J.C. Quinn, J. Cruce, M. Somers, B. Beckstrom, P. Chen, K. DeRose, A. Beattie, D. Quiroz, J. Greene
Colorado State Univeristy,
Keywords: algae, techno-economic, life cycle assessment
Summary:Various biorefinering pathways have been identified as potential pathways to sustainable algal production. The objective of this work is to understand the current state of the economic viability and environmental impact of algal based biorefineries. A survey of the literature illustrates the need for harmonization of studies. Results from growth rate and system boundary harmonization are shown to not dramatically impact the end result mainly due to process assumptions.
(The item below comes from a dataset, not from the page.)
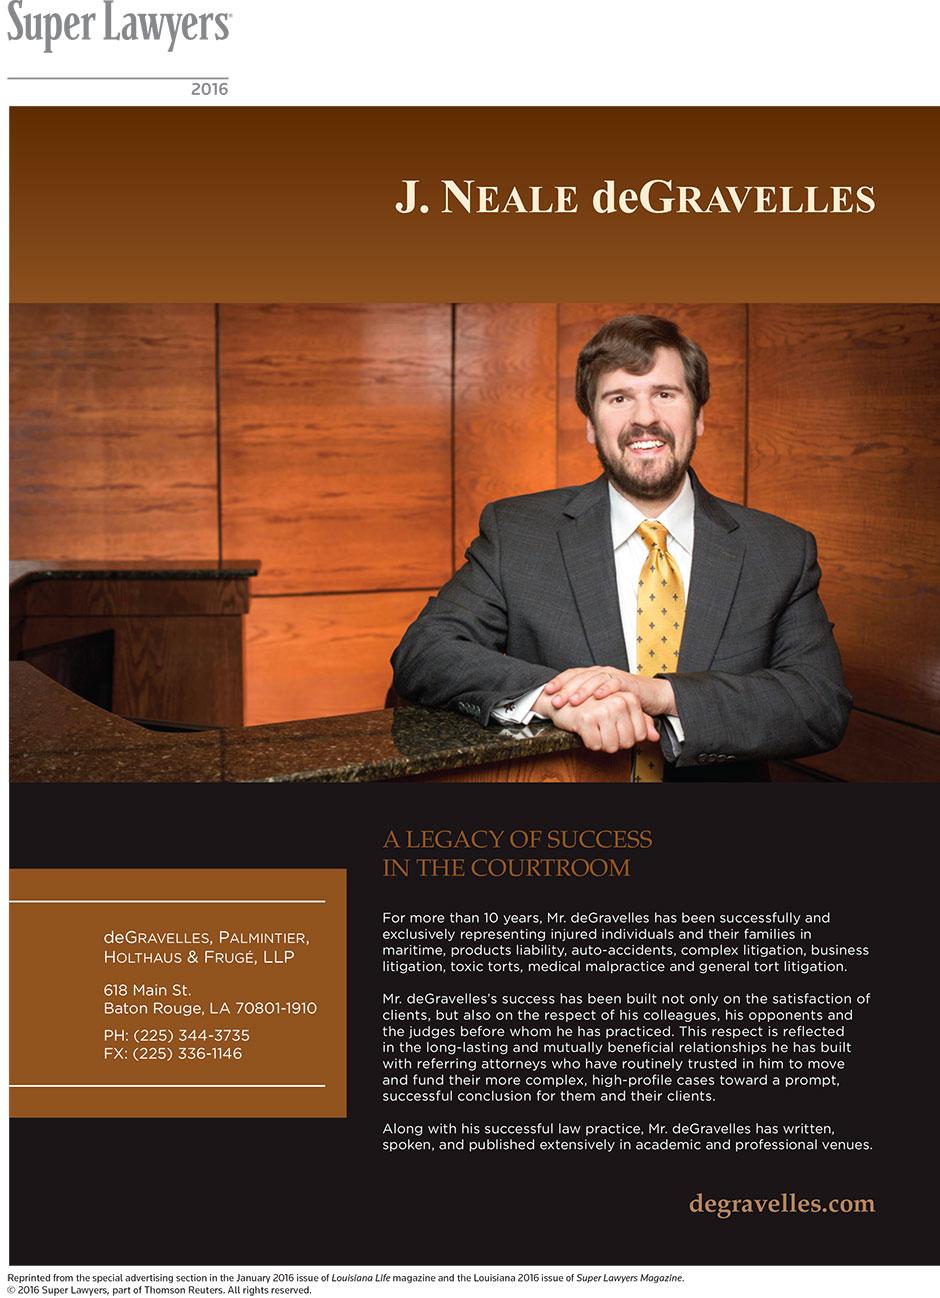 J. Neale deGravelles

Based on this result engineering process models of various processing pathways was completed and leveraged to understand the economics and life cycle impacts on a systems level across consistent assumptions. The pathways included baseline hydrothermal liquefaction (HTL), protein extraction with HTL, fractionation into high-value chemicals and fuels, and a small-scale first-of-a-kind plant coupled with a wastewater treatment facility. This foundation is then used to explore the impact of co-products and methods assumptions on the economic viability of algal systems. The impact on economic results from policy scenarios was then examined. The type of depreciation scheme was shown to be irrelevant for durations less than 9 years, while short-term subsidies were found to capture 50% of the subsidy value in 6 years, and 75% in 12 years. Carbon prices can decrease fuel costs as seen by the production facility through carbon capture credits. TEA tradeoff assessments determined that $7.3 of capital costs are equivalent to $1 yr-1 of operational costs for baseline economic assumptions. Comparison of algal fuels to corn and cellulosic ethanol demonstrates the need for significant co-product credits to offset high algal capital costs. Higher value co-products were shown to be required for algal fuel economic viability.